Un “viaggio al termine della notte” è il percorso musicale dei Boy Harsher. Non sto qui a raccontare la storia del duo americano, ci penseranno altri magari. Sia perché si tratta di un nome che ormai gira già da un po’ con una certa insistenza nel giro della scena oscura e sia perché il “copia incolla” dalle biografie ufficiali è una pratica che non mi si addice. “Country Girl Uncut” non è il nuovo lavoro del combo statunitense ma poco ci manca. Si tratta della ristampa su cd di una prova licenziata precedentemente solo su cassetta e nel solito (ed odioso per me) formato digitale. Ed il “viaggio” sopra menzionato, partito già da qualche anno, continua anche ora.
La forma resta uguale e fedele ad una tradizione elettrowave che affonda le radici nella verginità degli anni ‘80 (non mi chiamate pazzo ma il brano “Westernes” ricorda alcune cose di “Stranger” dei Clan of Xymox) ma che guarda agli umori ed agli odori moderni.
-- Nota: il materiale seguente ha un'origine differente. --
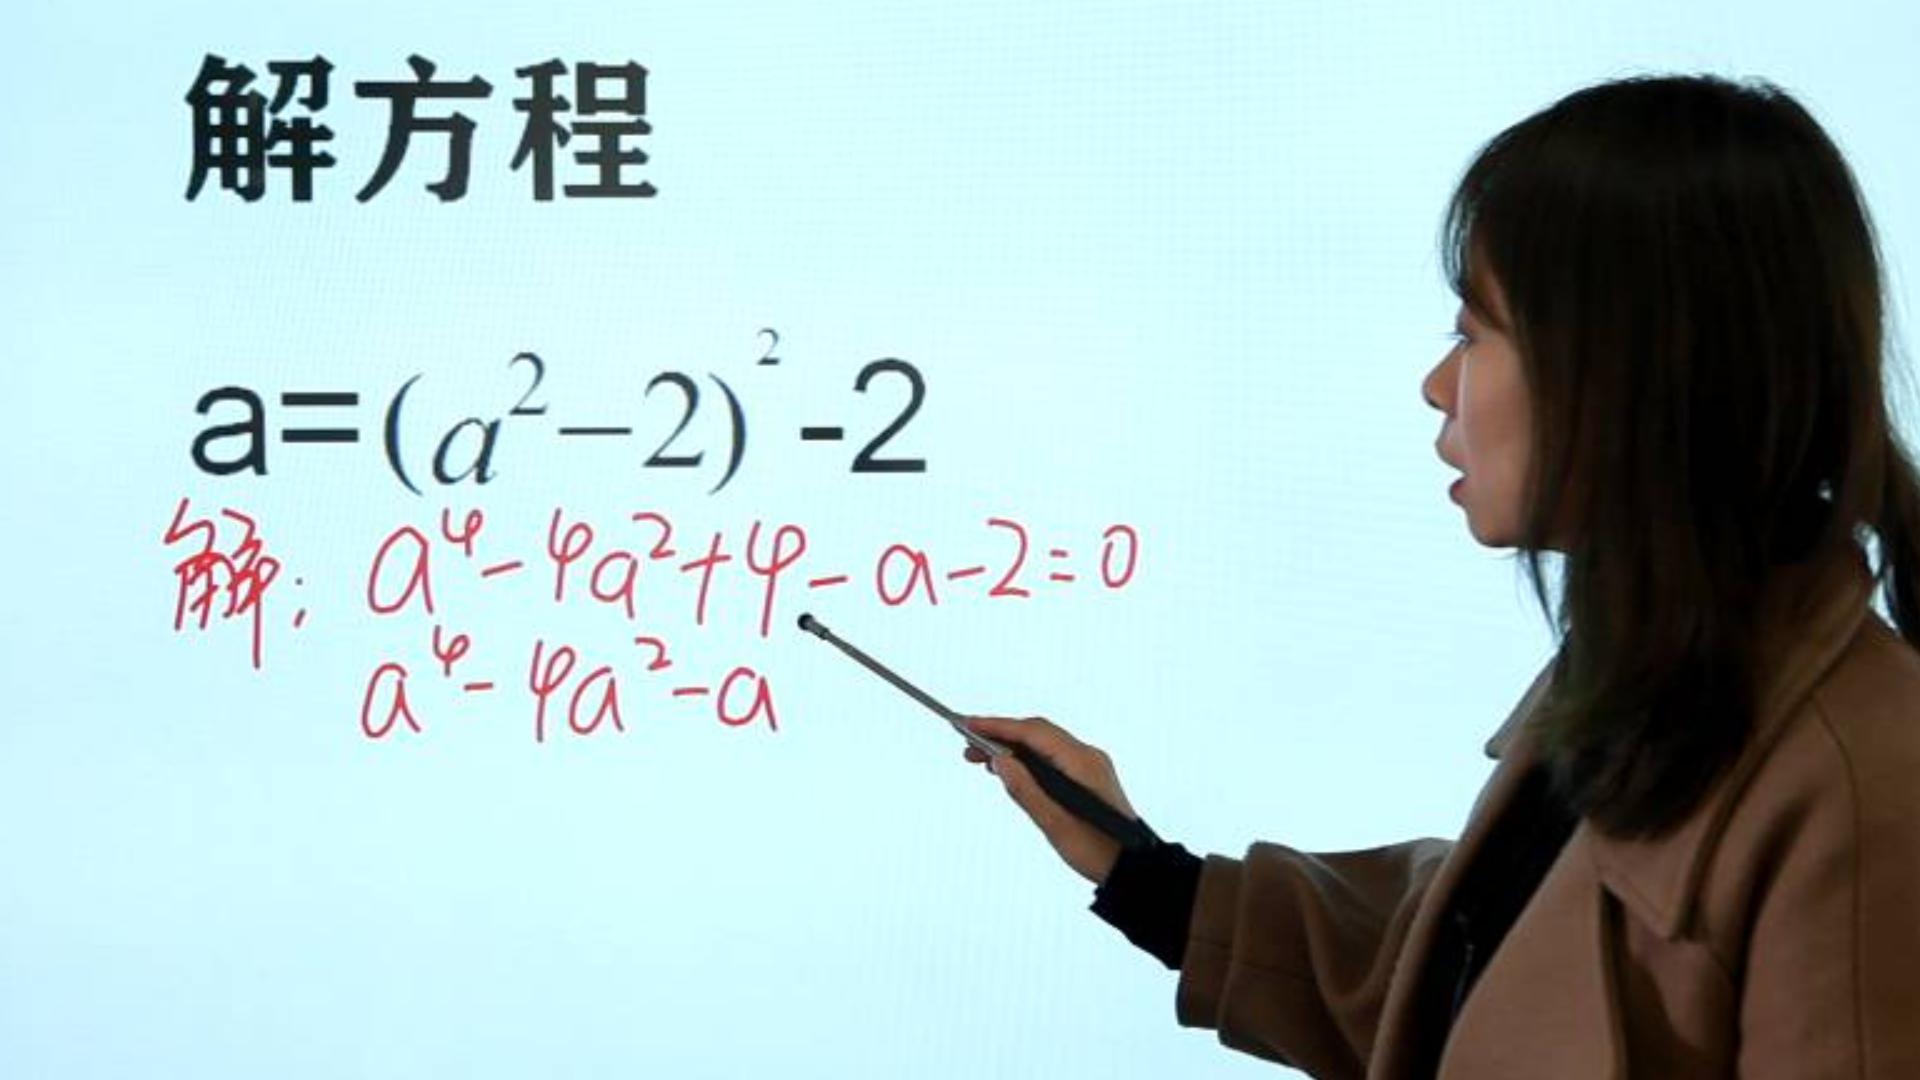 北京市竞赛题,求方程a=(a^2-2)^2-2,一看就不会,怎么解?
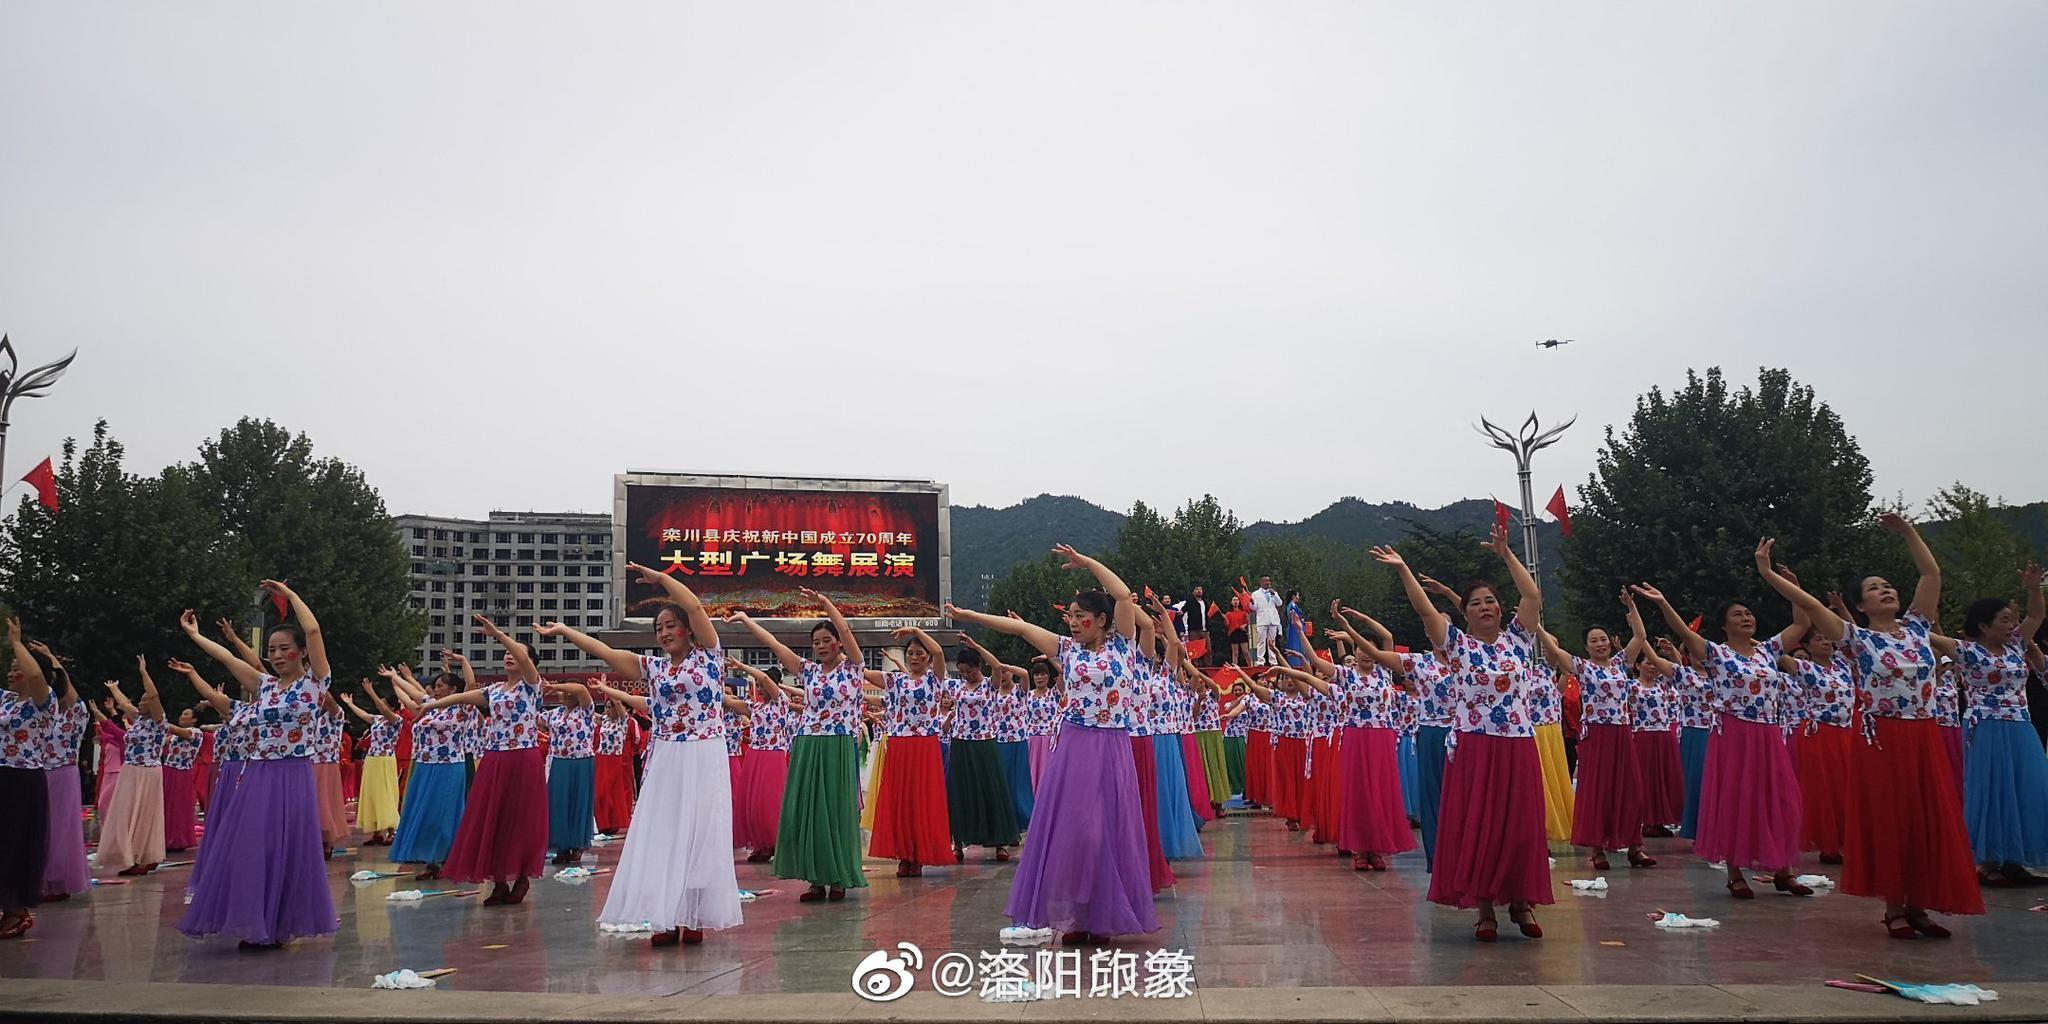 展演进行时!栾川县庆祝新中国成立70周年大型广场舞展演正精彩

Le pulsazioni elettroniche, ballabili e sensuali che tanto vanno di moda nelle balere dark, hanno trovato nei Boy Harsher un compimento perfetto. Una cifra stilistica completa ed assoluta per evocare appunto atmosfere notturne, trascorse magari in una macchina che solca una strada lucida da un’umida pioggia. E da qui prendono forma immagini che si modellano nel e dal buio. Due fari di automobile che illuminano un breve tratto di strada, con la striscia che delimita le due corsie e che insegue se stessa frenetica, e con un orizzonte di visibilità brevissimo. La vista si annebbia e si offusca ed è la musica di “Motion” a condurci.
Immagini di una corsa sostenuta ma non folle, viaggio senza destinazione se non l’alba.
E facendoci strada tra la lunghezza e la monotonia del percorso è “Electric” a mostrarci con paziente ma costante andamento i contorni delle cose. Non è più il controllo ad essere al centro della guida ma la più pura residuale istintività, quella detentrice dei nostri desideri, dei nostri impulsi, spesso irrazionali e non sempre completamente accettabili.
Un viaggio che sembra lineare ma che in realtà è circolare come tutti i brani dei Boy Harsher (la title track è un must a tal proposito), una realtà che come una figura astratta gira su se stessa così da imporre all’ascoltatore uno stato di alterazione della realtà percepita, come ad indurre una sorta di dissociazione della personalità. Una vertigine del pensiero, le infinite psicosi realizzabili dal nostro cervello, un viaggio notturno che poi si rivela essere una fuga (“Swing”) o una copula simulata, un’unione di mondi paralleli.
Un’alternanza tra reale e sogno, surreale e irreale, immagine, movimento e spazio. Probabilmente, o forse è solo la mia folle interpretazione, quello che la musica di questo disco, ma di tutta la discografia dei Boy Harsher, riesce ad evocare. Non mi fate fare paragoni con gruppi del passato, qui si parla di humus e di adesione ad uno stile di vita che sarebbe riduttivo ghettizzare solo all’interno delle piste da ballo. La musica dark (termine che odio ma che rende l’idea), alla fine, altro non è che il desiderio di controllare quello che non si riesce a fare: l’incapacità di mantenere il controllo sulla propria vita perché non si comprende il senso della vita stessa. Come un gioco di morte e di pulsione che ci conduce verso l’alba. D’altronde lo diceva anche Gibran: “per arrivare all’alba non c’è altra via che la notte”.